26 avril. Même séjour. — Las de fouiller un à un tous les coins et recoins de la crique sans trouver le moindre hippopotame, le roi nous a dirigés vers une île occupée par le Mgussa ou génie du lac, non pas en personne, car le Mgussa est un Esprit, mais par une espèce de délégué ou de représentant qui sert à communiquer au roi de l’Ouganda les secrets du mystérieux abîme. Une fois à terre, on débuta par un pique-nique ou le pombé ne fut point épargné ; puis le cortége se mit à circuler dans une espèce de verger qu’il moissonnait gaiement, chacun paraissant animé des meilleures dispositions, lorsqu’une des femmes du roi — charmante créature, par parenthèse — eut la malheureuse idée, croyant lui être agréable, de lui présenter un fruit qu’elle venait de cueillir. Aussitôt, comme pris d’un accès de folie, il entra dans la plus violente colère : « C’était la première fois, disait-il, qu’une femme s’était permis de lui offrir quelque chose ; » et là-dessus, sans alléguer d’autre motif, il enjoignit à ses pages de saisir la coupable, de lui lier les mains, et de la faire exécuter sur-le-champ.

À peine ces mots prononcés, tous les jeunes drôles à qui le roi s’adressait déroulèrent en un clin d’œil les turbans de corde qui ceignaient leurs têtes, et, comme une mute de bassets avides, ils se précipitèrent sur la belle créature qui leur était livrée. Celle-ci, indignée que de pareils marmots se crussent autorisés à porter la main sur sa royale personne, essaya d’abord de les repousser comme autant de moucherons importuns, tout en adressant au roi des remontrances passionnées ; mais en peu d’instants ils l’eurent saisie, renversée, et tandis qu’ils l’entraînaient, l’infortunée nous adjurait, le kamraviona et moi, de lui prêter aide et protection. Lubuga cependant, la sultane préférée, s’était jetée aux genoux du roi, et toutes ses compagnes, prosternées autour de lui, sollicitaient le pardon de leur pauvre sœur. Plus elles imploraient sa merci, plus semblait s’exalter sa brutalité naturelle, jusqu’à ce qu’enfin, s’armant d’une espèce de massue, il en voulut frapper la tête sa malheureuse victime…

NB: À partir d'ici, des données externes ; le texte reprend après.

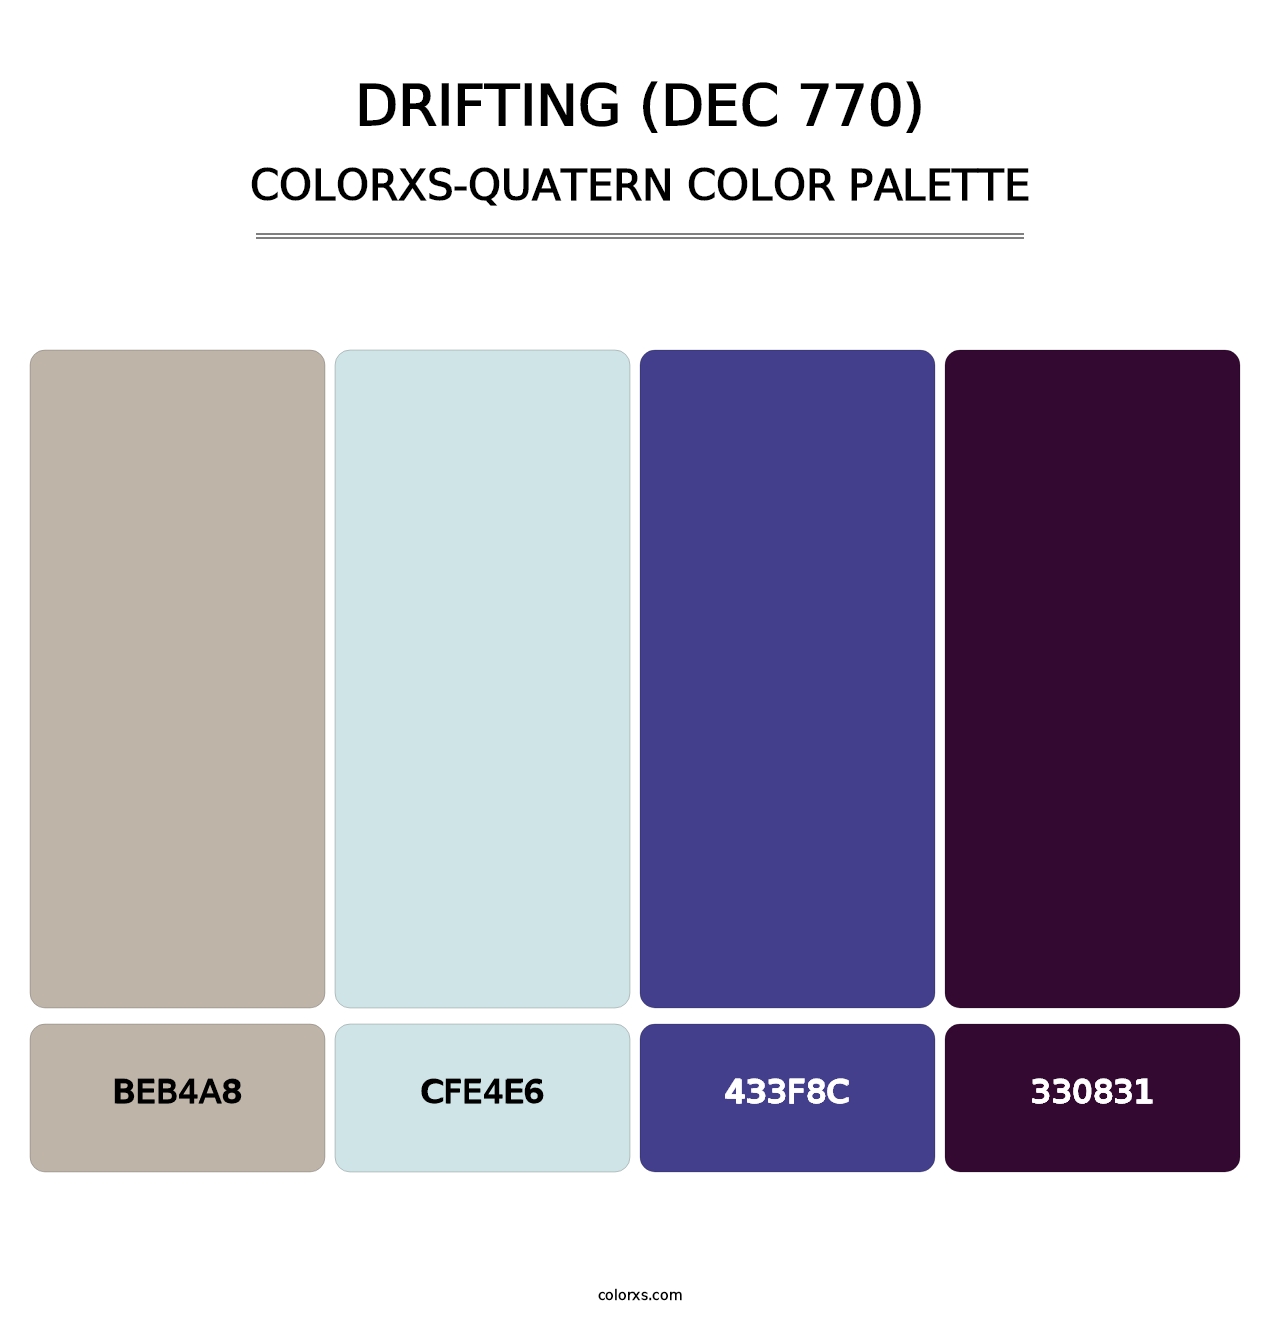 Drifting (DEC 770) - Colorxs Quatern Palette

J’avais pris le plus grand soin, jusqu’alors, de qu’intervenir dans aucun des actes arbitraires par lesquels se signalait la cruauté de Mtésa, comprenant de reste qu’une démarche de cet ordre, si elle était prématurée, produirait plus de mal que de bien. Il y avait toutefois dans ce dernier excès de barbarie quelque chose d’insupportable à mes instincts britanniques, et lorsque j’entendis mon nom (Mzungu !) prononcé d’une voix suppliante, je m’élançai vers le roi, dont j’arrêtai le bras déjà levé, en lui demandant la vie de cette femme. Il va sans dire que je courais grand risque de sacrifier la mienne en m’opposant ainsi aux caprices d’un tyran ; mais dans ces caprices mêmes je trouvai mon salut et celui de la pauvre victime. Mon intervention, par sa nouveauté hardie, arracha un sourire au despote africain, et la prisonnière fut immédiatement relâchée.

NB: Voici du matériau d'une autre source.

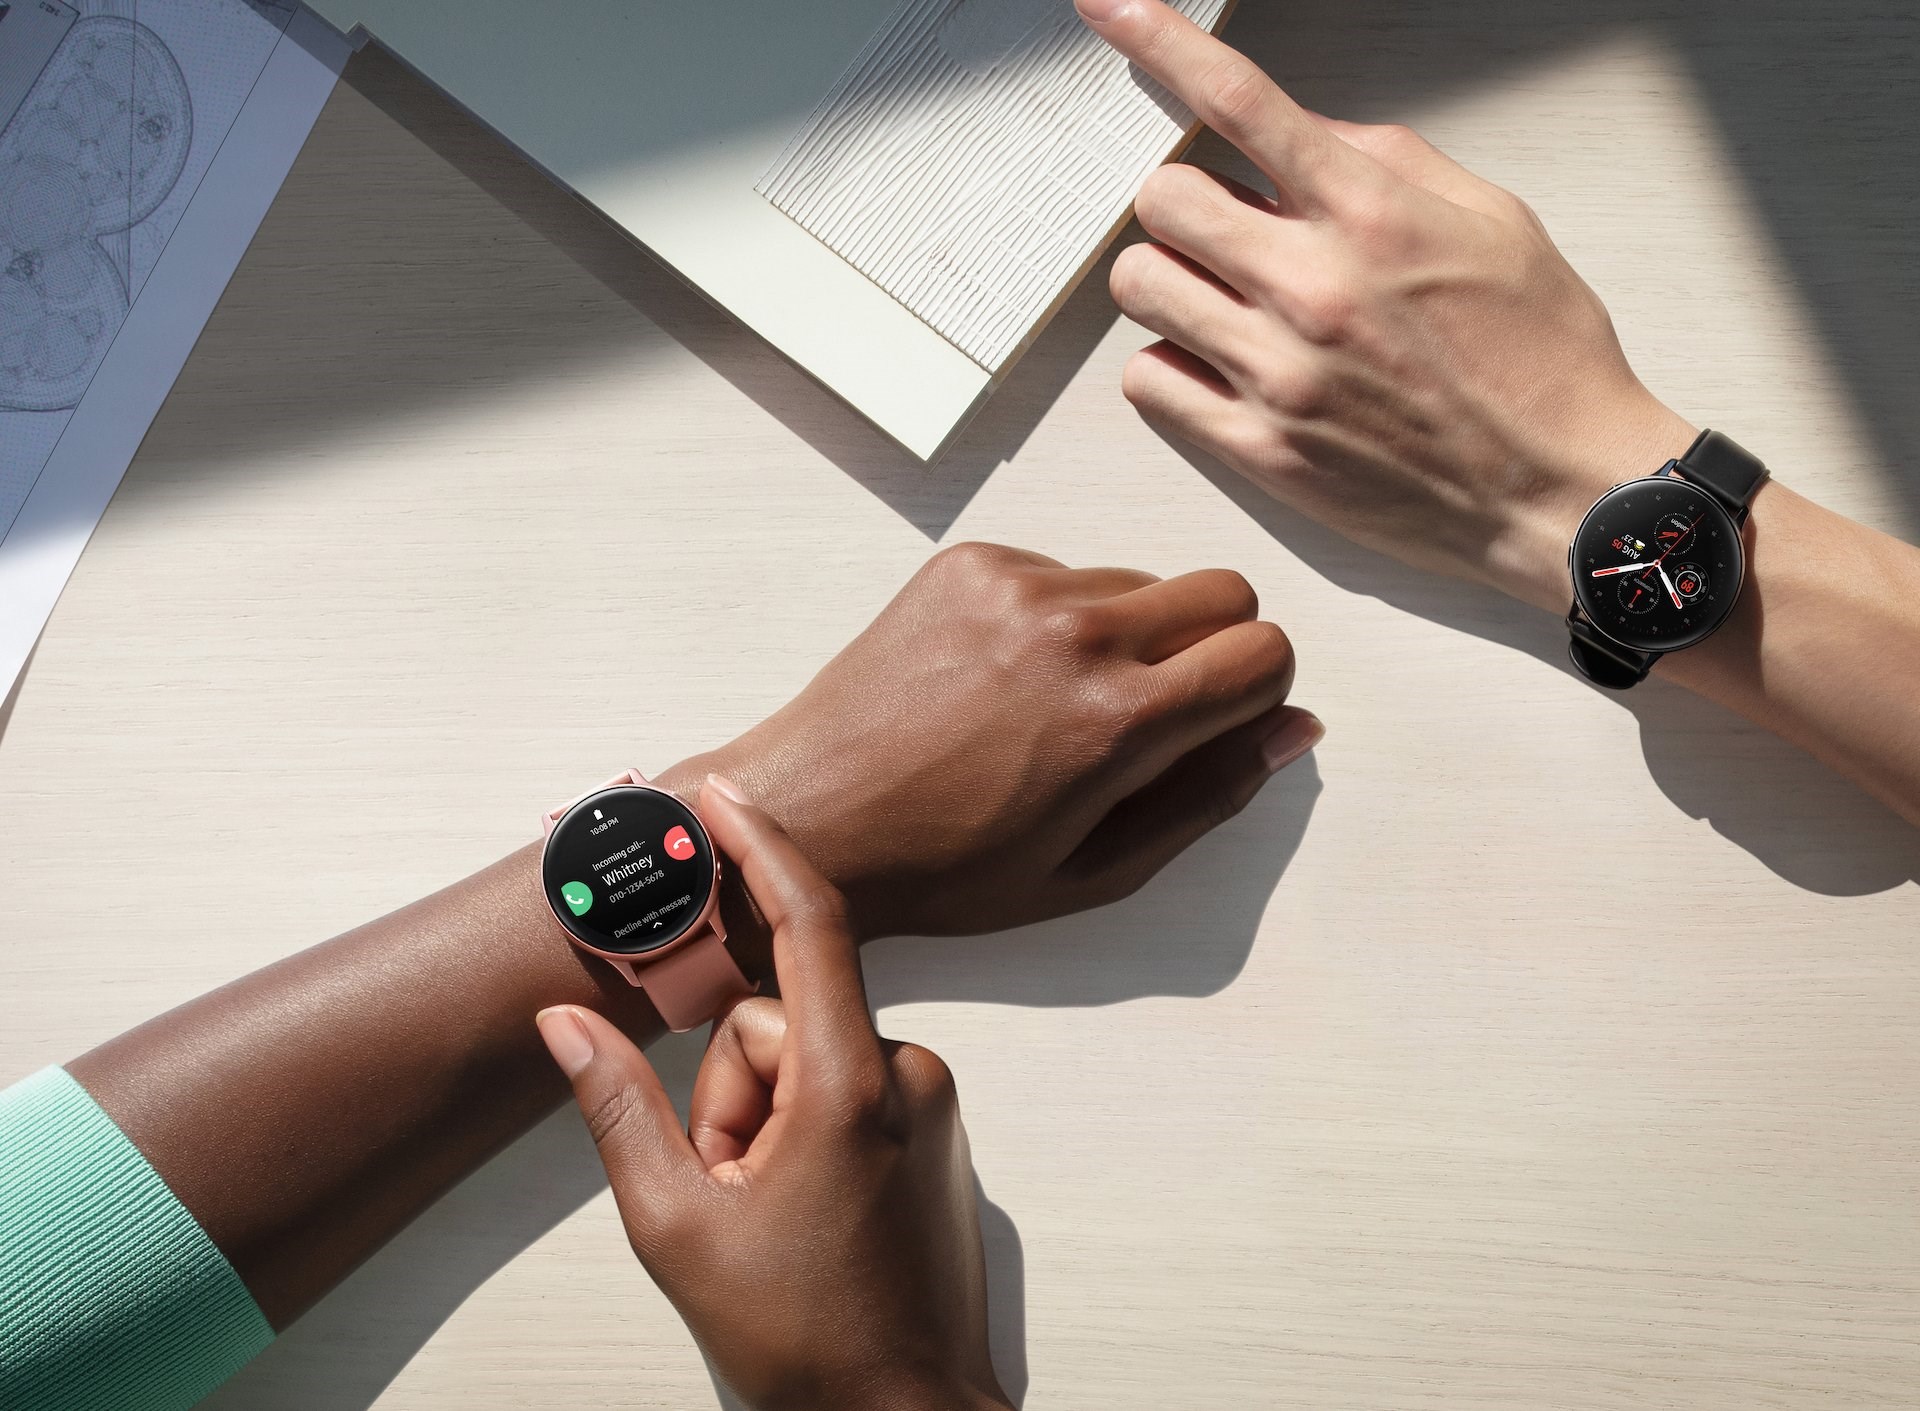 Samsung Galaxy Watch Active 2 için büyük bir yazılım güncellemesi yayınlandı

La hutte habitée par le représentant du Mgussa était décorée de maint et maint symbole mystique, et entre autres d’une rame, qui est l’insigne de ses hautes fonctions. Nous y étions installés depuis quelques minutes, arrosant de pombé nos insignifiants bavardages, quand cette espèce de « médium spirituel » vint nous y rejoindre dans un costume bizarre, analogue à celui des sorcières wichwézi. Il portait un petit tablier de peau de chèvre blanche décoré de nombreux talismans, et en guise de masse ou de canne, se servait d’un léger aviron. Ce n’était point un vieillard, mais il en affectait toutes les allures, la démarche lente et délibérée, la toux asthmatique, le regard vague, le parler marmottant. Feignant de gagner à grand-peine l’extrémité de la hutte, où se trouvait ce que je pourrais appeler son trophée magique, il se mit, une fois assis, à tousser pendant une demi-heure de suite ; sa femme parut alors, se donnant les mêmes airs, et, comme lui, jouant une vieillesse anticipée. Mtésa me regardait en riant, et de temps à autre, jetant les yeux sur ces créatures étranges, semblait me demander ce que je pensais d’elles. Personne, du reste, n’élevait la voix, si ce n’est la prétendue vieille, coassant comme une grenouille pour avoir de l’eau, et qui fit ensuite beaucoup de façons lorsqu’il fallut avaler celle qu’on lui apportait. La première coupe n’étant pas assez pure à son gré, on dut lui en procurer une seconde, où elle se contenta de mouiller ses lèvres ; après quoi, geignant et boitant toujours, elle s’éloigna comme elle était venue.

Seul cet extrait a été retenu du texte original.